I nodi da sciogliere:
- I fondi dell’Accordo sono concentrati all’80 per cento nelle regioni sottosviluppate (Calabria, Campania, Puglia, Sicilia, Basilicata). La programmazione 2007-2013 già aveva lasciato il Centro-Nord scoperto per le reti a banda ultra larga. Non è detto che si riesca a compensare con i fondi Sviluppo e coesione.
- Sempre nell’Accordo, i fondi per sostenere la diffusione dell’Ict nelle aziende ci sono soltanto per le regioni del Sud. Destinazione Italia però voleva utilizzare questi fondi su tutto il territorio nazionale per alcune misure: prevede che il credito di imposta per ricerca e sviluppo sia coperto con 600 milioni per il periodo 2014-2016 mentre per finanziare i voucher destinati alle Pmi che investono in Ict servono 100 milioni. Altri 50 milioni sono destinati al credito di imposta per l’acquisto di e-book.

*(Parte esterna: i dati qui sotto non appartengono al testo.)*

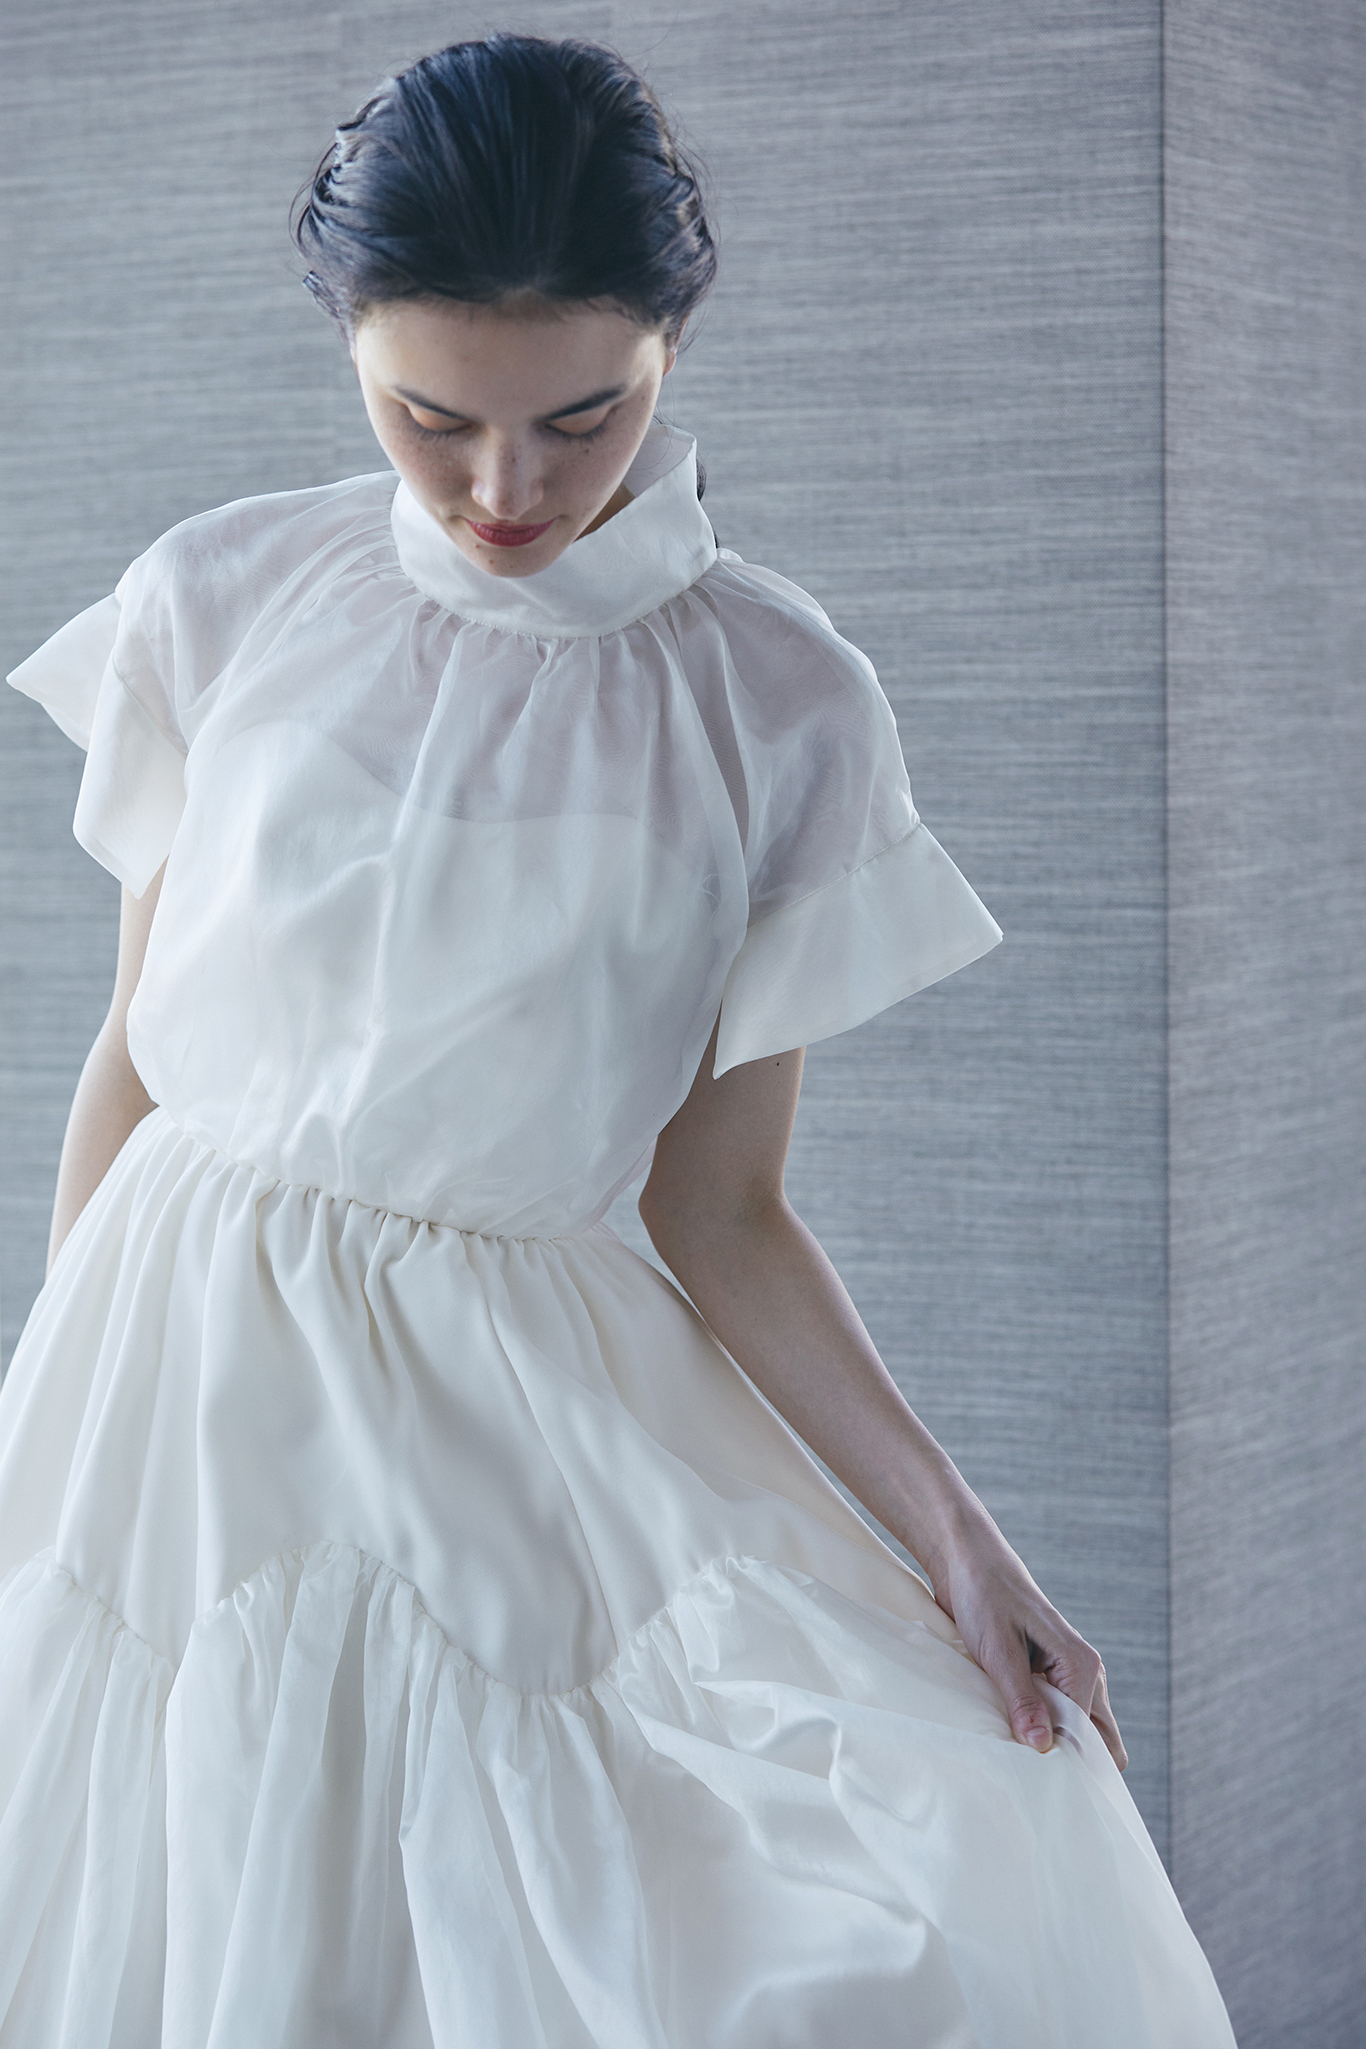 【夏のウエディングドレス①】オーガンジー素材の透け感のあるドレス

- I fondi dell’Accordo appaiono largamente insufficienti rispetto alle promesse del premier Enrico Letta, alle richieste provenienti da chi si occupa di Agenda nella Presidenza del Consiglio (10 miliardi di euro) e a quelle del ministero dello Sviluppo economico (2,5 miliardi di euro per gli obiettivi 2020 della banda ultra larga).
- Manca un piano nazionale per l’utilizzo dei fondi europei, com’è invece in Francia e Germania. E’ una conseguenza dell’attuale forma del titolo quinto della Costituzione, secondo cui in Italia è regionale la competenza della spesa dei fondi Ue. Finora però questa impostazione ha portato conseguenze negative, secondo molti esperti: dispersione delle risorse e incapacità di spenderle interamente. Forse ci sono margini per varare comunque un piano nazionale, dato che le norme pongono la competenza del settore informatico nelle mani dello Stato centrale. Del resto, molti progetti dell’Agenda (datacenter, infrastrutture digitali) andranno realizzati centralmente e poi riutilizzati dalle varie regioni. Solo un piano nazionale- anziché vari piani regionali che investano separatamente magari replicando gli stessi progetti- sarebbe compatibile con questi obiettivi.